Archive

Posts Tagged ‘Macro’

Measuring Code Performance in C

August 11th, 2009 No comments

When optimizing code for speed, it is useful to have a very precise measurement of the time a certain routine or loop needs to complete. When measuring time only, the QueryPerformanceFrequency() and QueryPerformanceCounter() APIs can be employed. If we need to be even more accurate and measure the number of CPU clock cycles, the x86 asm instruction rdtsc, or the Visual C++ compiler intrinsic __rdtsc() function can be used. The return value of this function is a unsigned 64 bit value that wraps around every 194 years or so on a 3 Ghz CPU. Originally, the RDTSC instruction loads the current count of the time-stamp counter into the EDX:EAX registers for further processing. The instrinsic function is merely a wrapper that returns a 64 bit value of the combined registers.

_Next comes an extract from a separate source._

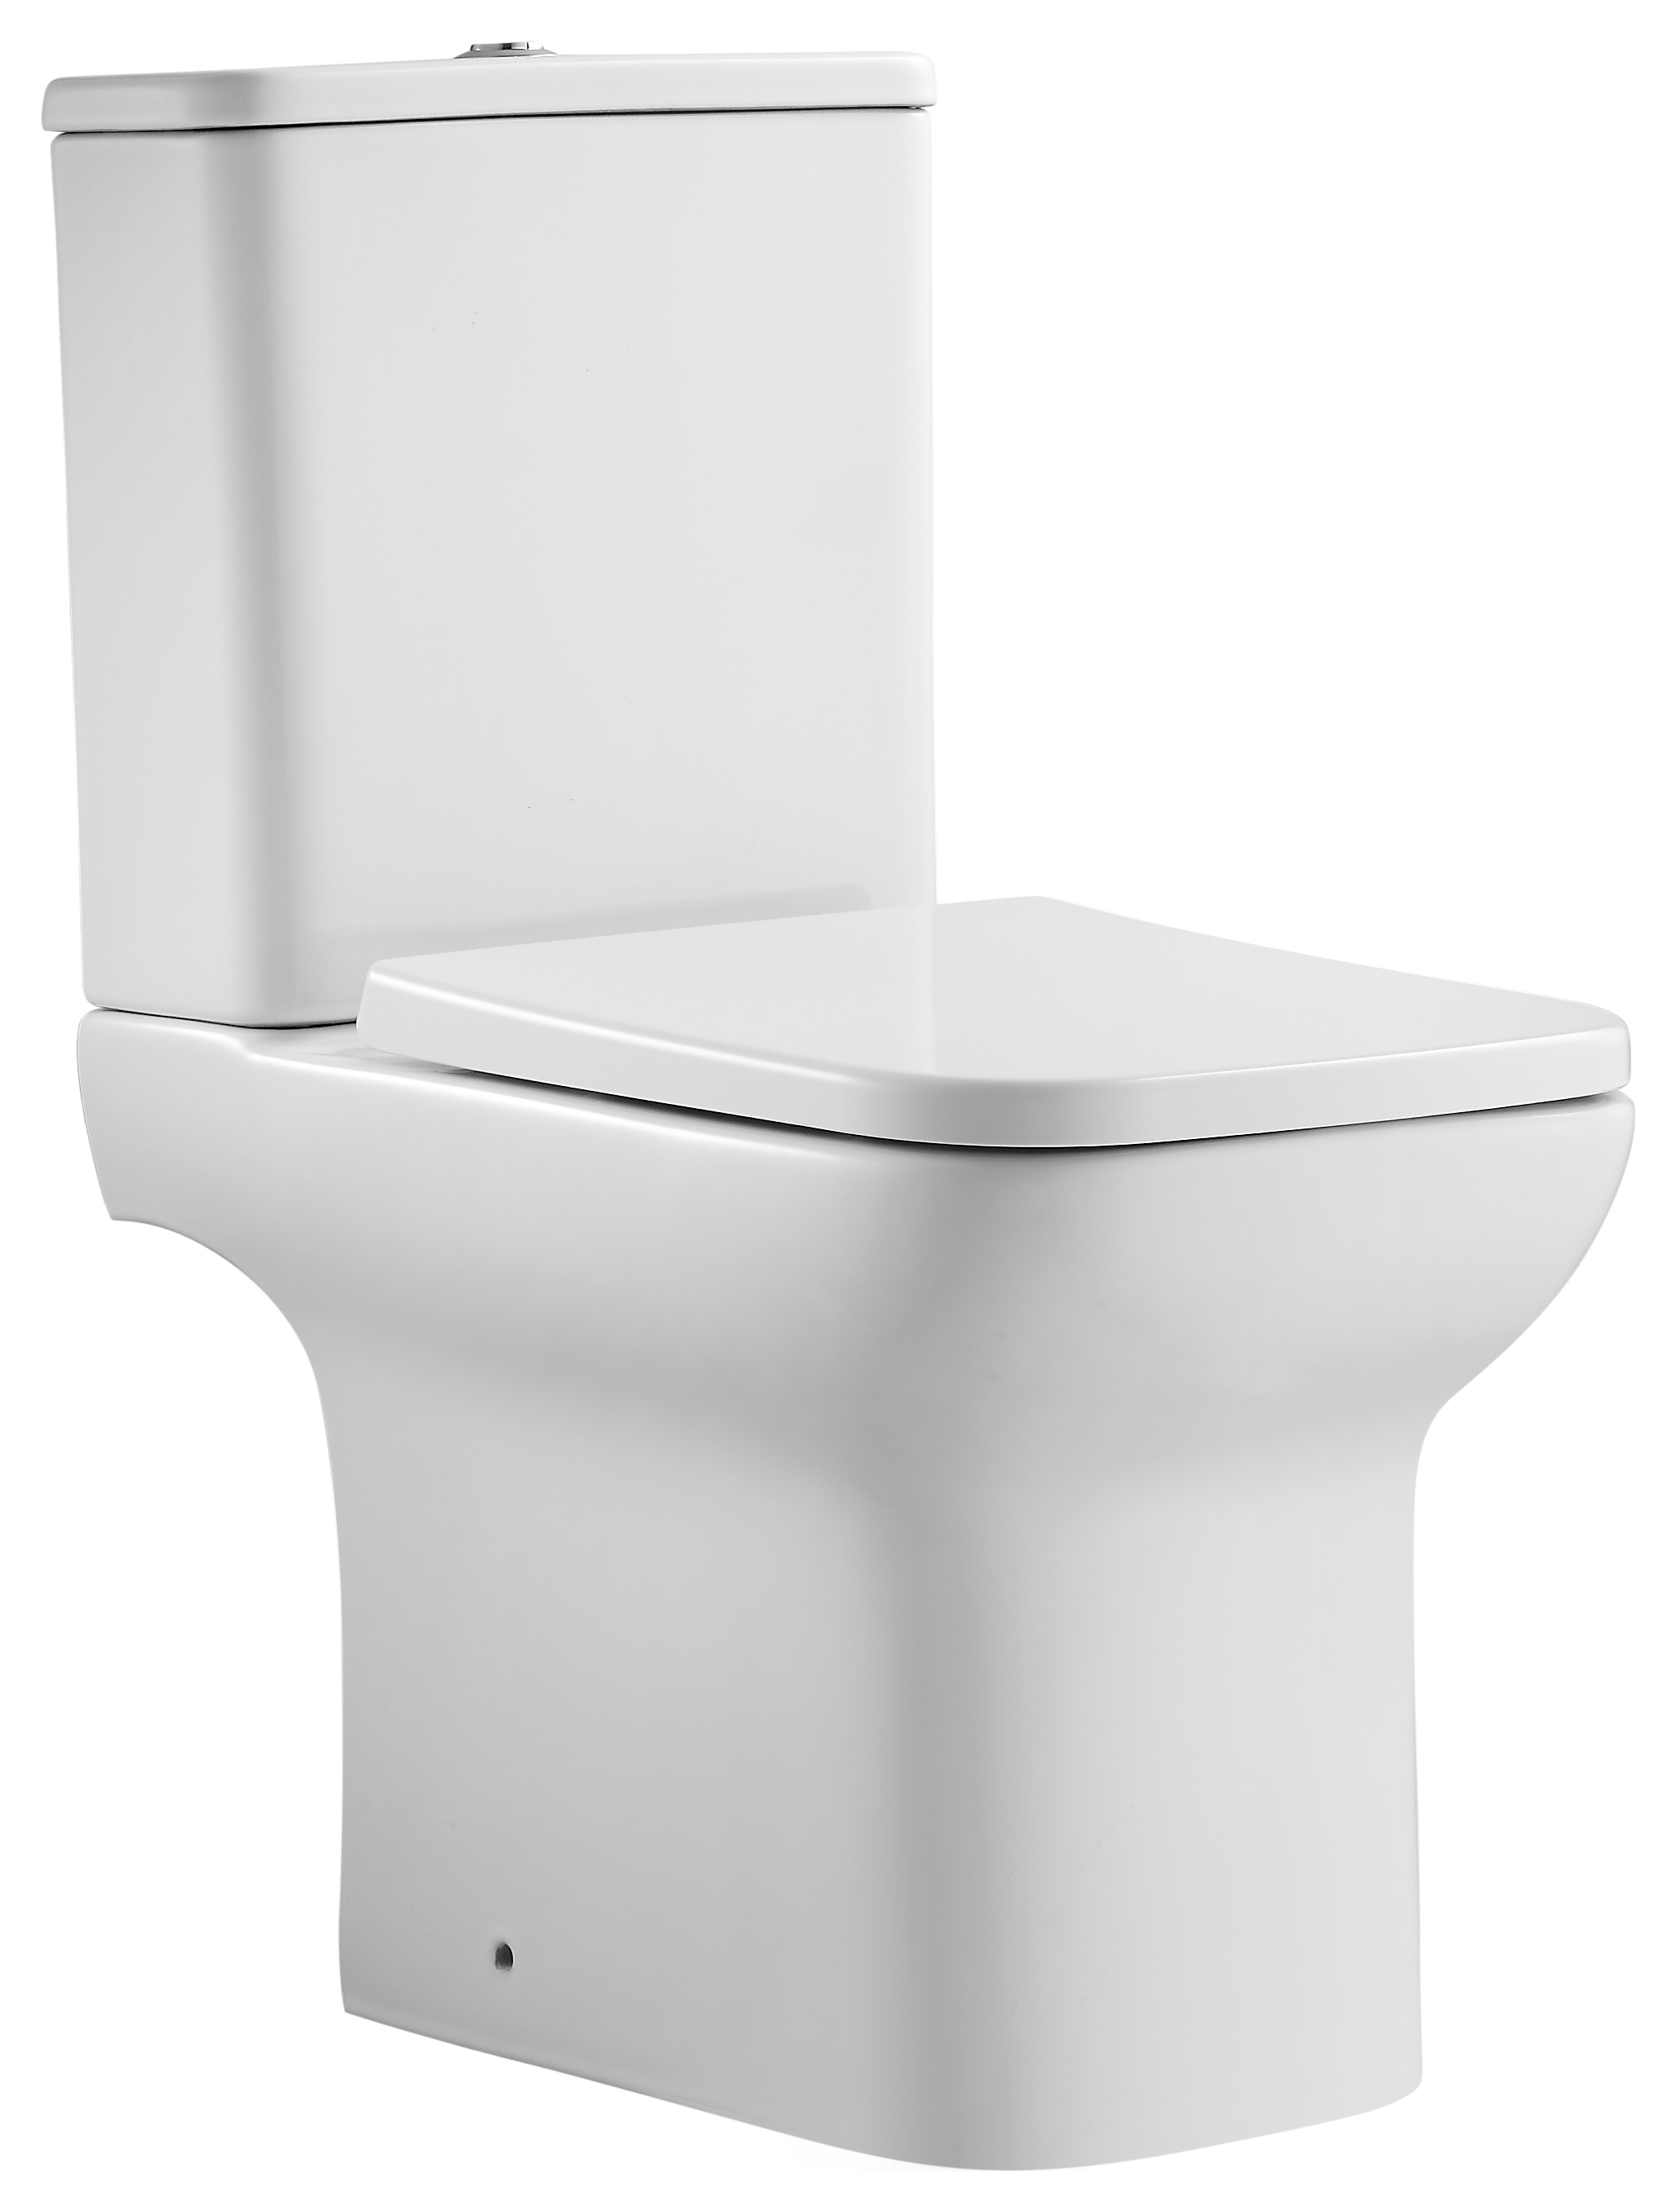 Image of Wickes Cleveland Easy Clean Close Coupled Toilet

The following two macros come in handy for wrapping a section to be examined and outputting the result to stdout or a function of your choice.

#define TIMER_START( description ) { \
	PCTSTR szDescription = description; \
	_tprintf( _T("\n-->Starting %s...\n"), description ); \
	LARGE_INTEGER start; \
	QueryPerformanceCounter( &start ); \
	DWORD64 ticks = __rdtsc();
 
#define TIMER_END( iterations ) \
	ticks = __rdtsc() - ticks; \
	LARGE_INTEGER frequency, end; \
	QueryPerformanceCounter( &end ); \
	QueryPerformanceFrequency( &frequency ); \
	DWORD64 it = iterations; \
	DWORD64 diff = end.QuadPart - start.QuadPart; \
	_tprintf( _T("-->Finished %s in %I64d ms %I64d ticks\n"), szDescription, diff / ( frequency.QuadPart / 1000 ), ticks ); \
	_tprintf( _T("-->%I64d iterations - %I64d iterations/sec - %I64d ticks/iteration\n\n"), it, ( it * frequency.QuadPart ) / diff, ticks / it ); }

Technically you would have to subtract the duration of two __rdtsc() calls from the final result, but most likely the time taken is not measurable by QueryPerformanceCounter().
You could also use the above as a separate function:

typedef struct TIMER_DATA{ PCTSTR szDescription; DWORD64 iterations; LARGE_INTEGER start_time; DWORD64 start_ticks; } *PTIMER_DATA;
 
inline void timer_start( PTIMER_DATA data )
{
	_tprintf( _T("\n-->Starting %s...\n"), ( data->szDescription == NULL ) ? _T("") : data->szDescription );
	QueryPerformanceCounter( &(data->start_time) ); \
	data->start_ticks = __rdtsc();
}
 
inline void timer_end( PTIMER_DATA data )
{
	DWORD64 ticks = __rdtsc() - data->start_ticks;
	LARGE_INTEGER frequency, end;
	QueryPerformanceCounter( &end );
	QueryPerformanceFrequency( &frequency );
	DWORD64 diff = end.QuadPart - data->start_time.QuadPart;
	_tprintf( _T("-->Finished %s in %I64d ms %I64d ticks\n"), ( data->szDescription == NULL ) ? _T("") : data->szDescription, diff / ( frequency.QuadPart / 1000 ), ticks );
	_tprintf( _T("-->%I64d iterations - %I64d iterations/sec - %I64d ticks/iteration\n\n"), data->iterations, ( data->iterations * frequency.QuadPart ) / diff, ticks / data->iterations );
}

Usage:

TIMER_START( _T("bla") )
 
/* Your code here */
 
TIMER_END( 200000 )
 
TIMER_DATA data;
data.szDescription = _T("bla");
data.iterations = 200000;
timer_start( &data );
 
/* Your code here */
 
timer_end( &data );

Especially when optimizing tight loops it is recommended to measure the execution time of the complete loop and then divide the result by the number of iterations instead of measuring each iteration individually.